• **Prompt**
In the listing below, find the line with "Sold Cross Sale" and the line with "Bridal gold halo", then return them and every line between them exactly, minus the pictures.

• **Given entries**
——————
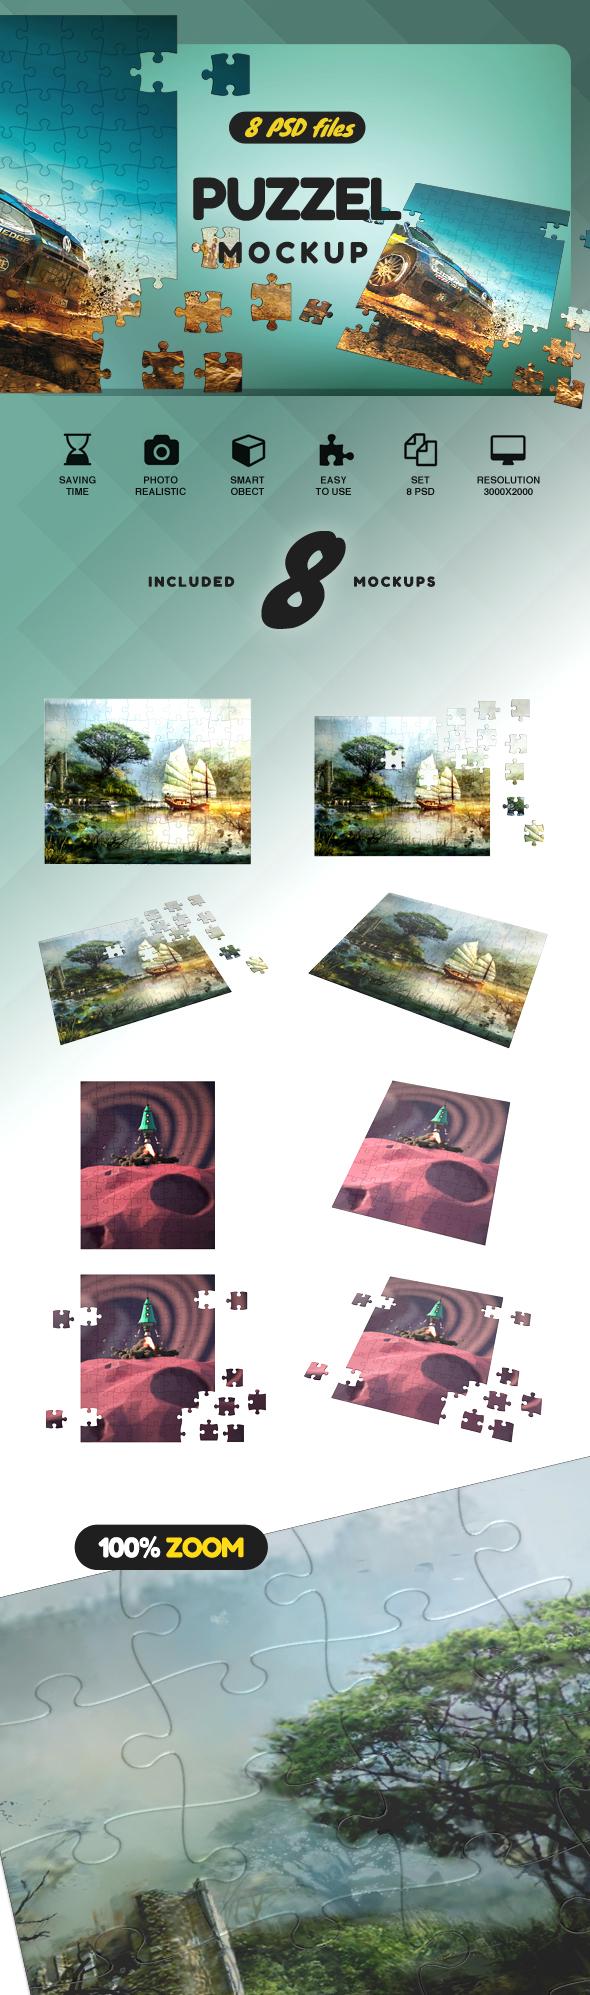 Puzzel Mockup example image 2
——————
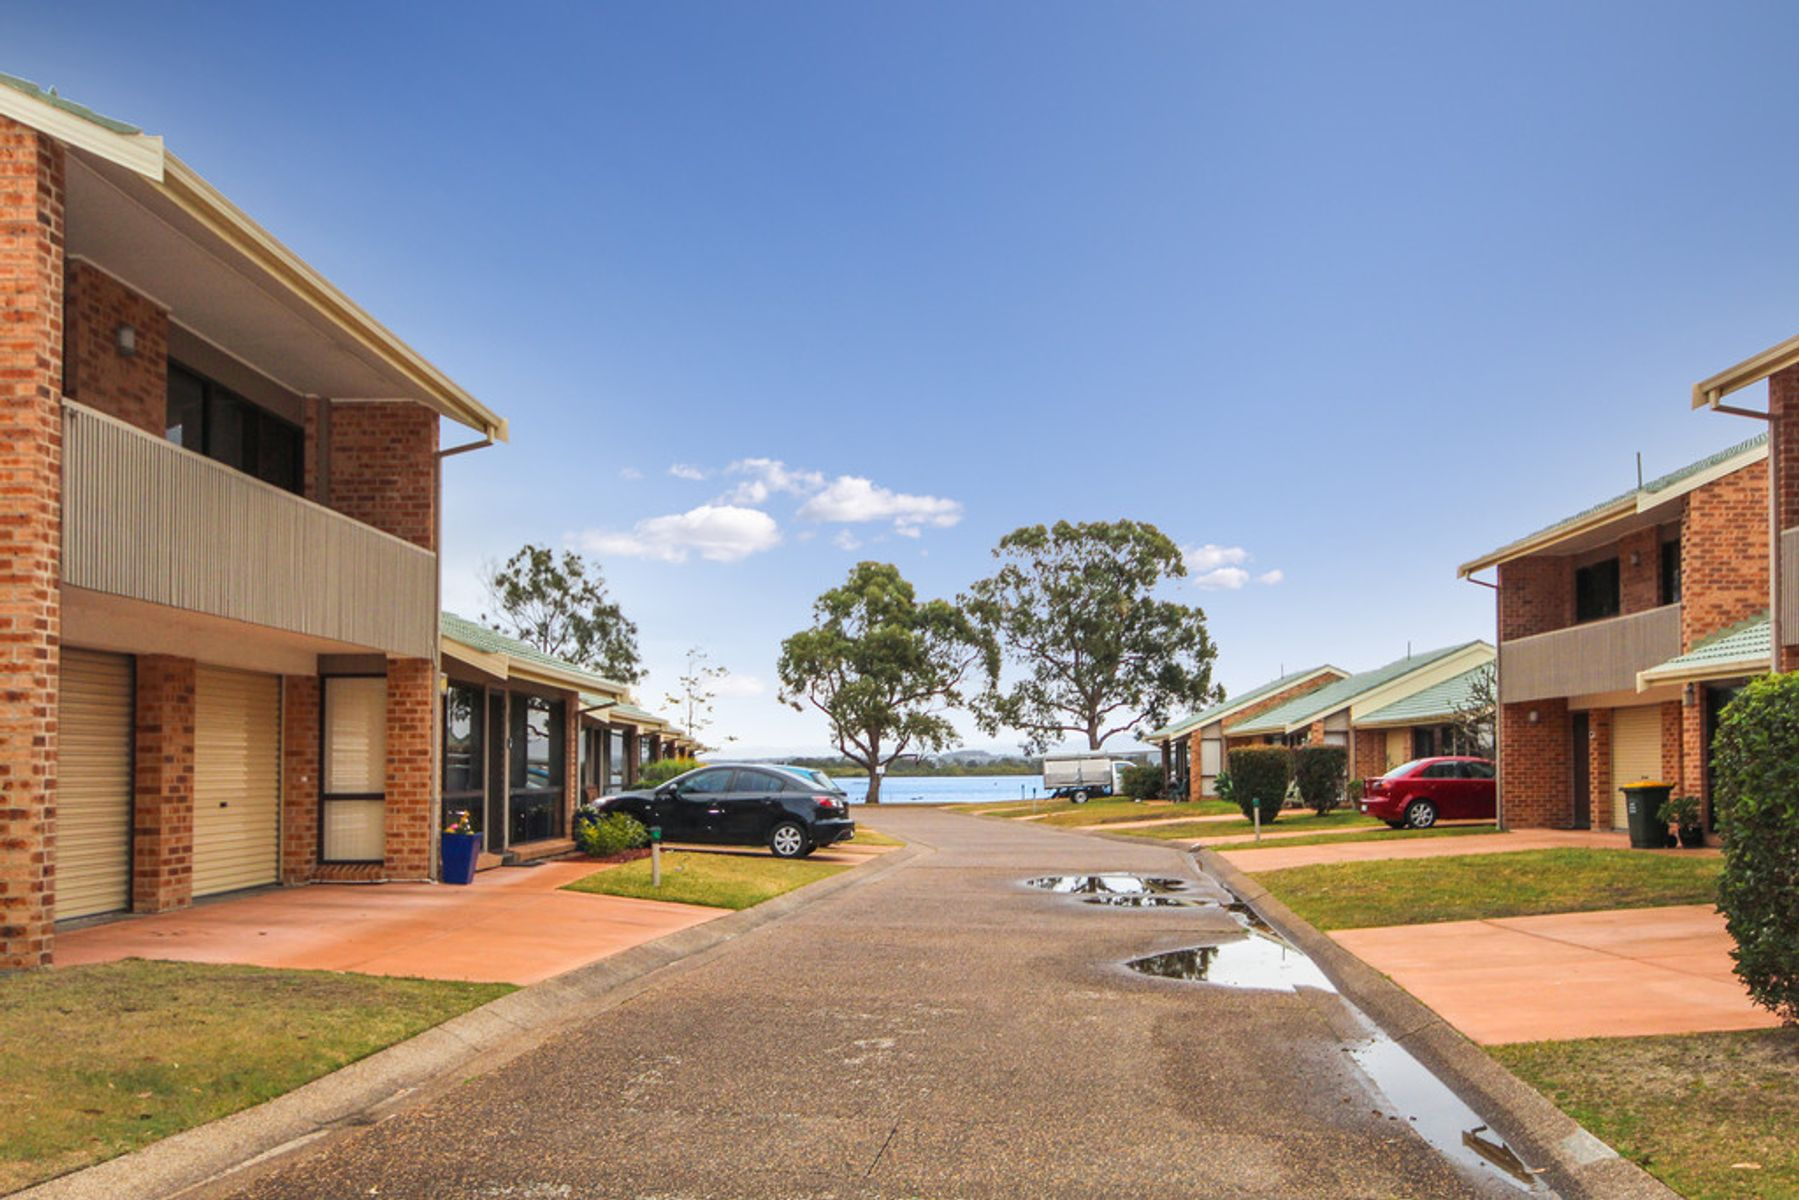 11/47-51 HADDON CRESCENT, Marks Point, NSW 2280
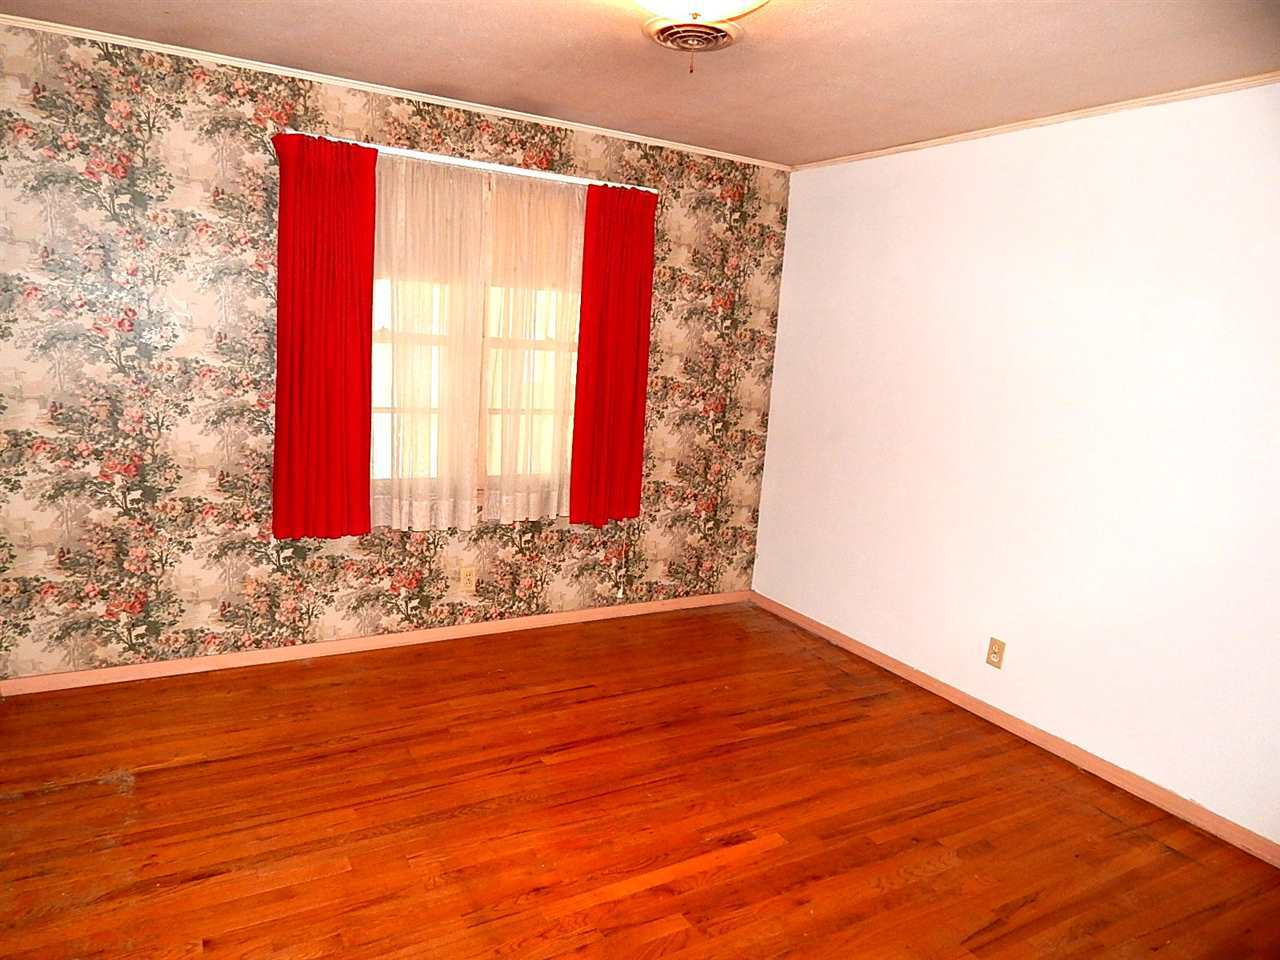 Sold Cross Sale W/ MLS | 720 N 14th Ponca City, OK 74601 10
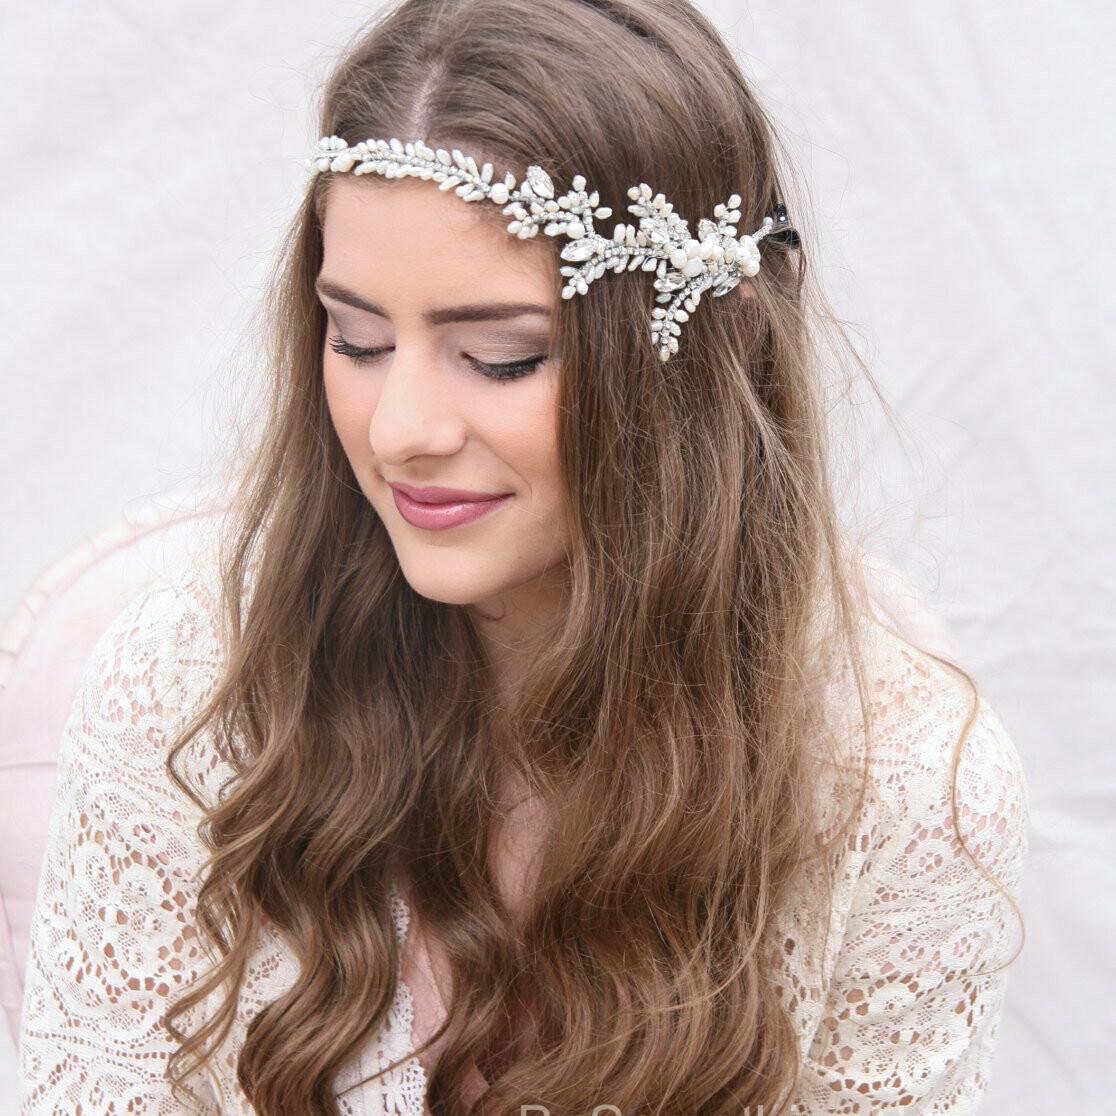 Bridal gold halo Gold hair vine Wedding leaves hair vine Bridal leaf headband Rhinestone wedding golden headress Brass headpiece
——————
• **Exercise response**
 Sold Cross Sale W/ MLS | 720 N 14th Ponca City, OK 74601 10
 Bridal gold halo Gold hair vine Wedding leaves hair vine Bridal leaf headband Rhinestone wedding golden headress Brass headpiece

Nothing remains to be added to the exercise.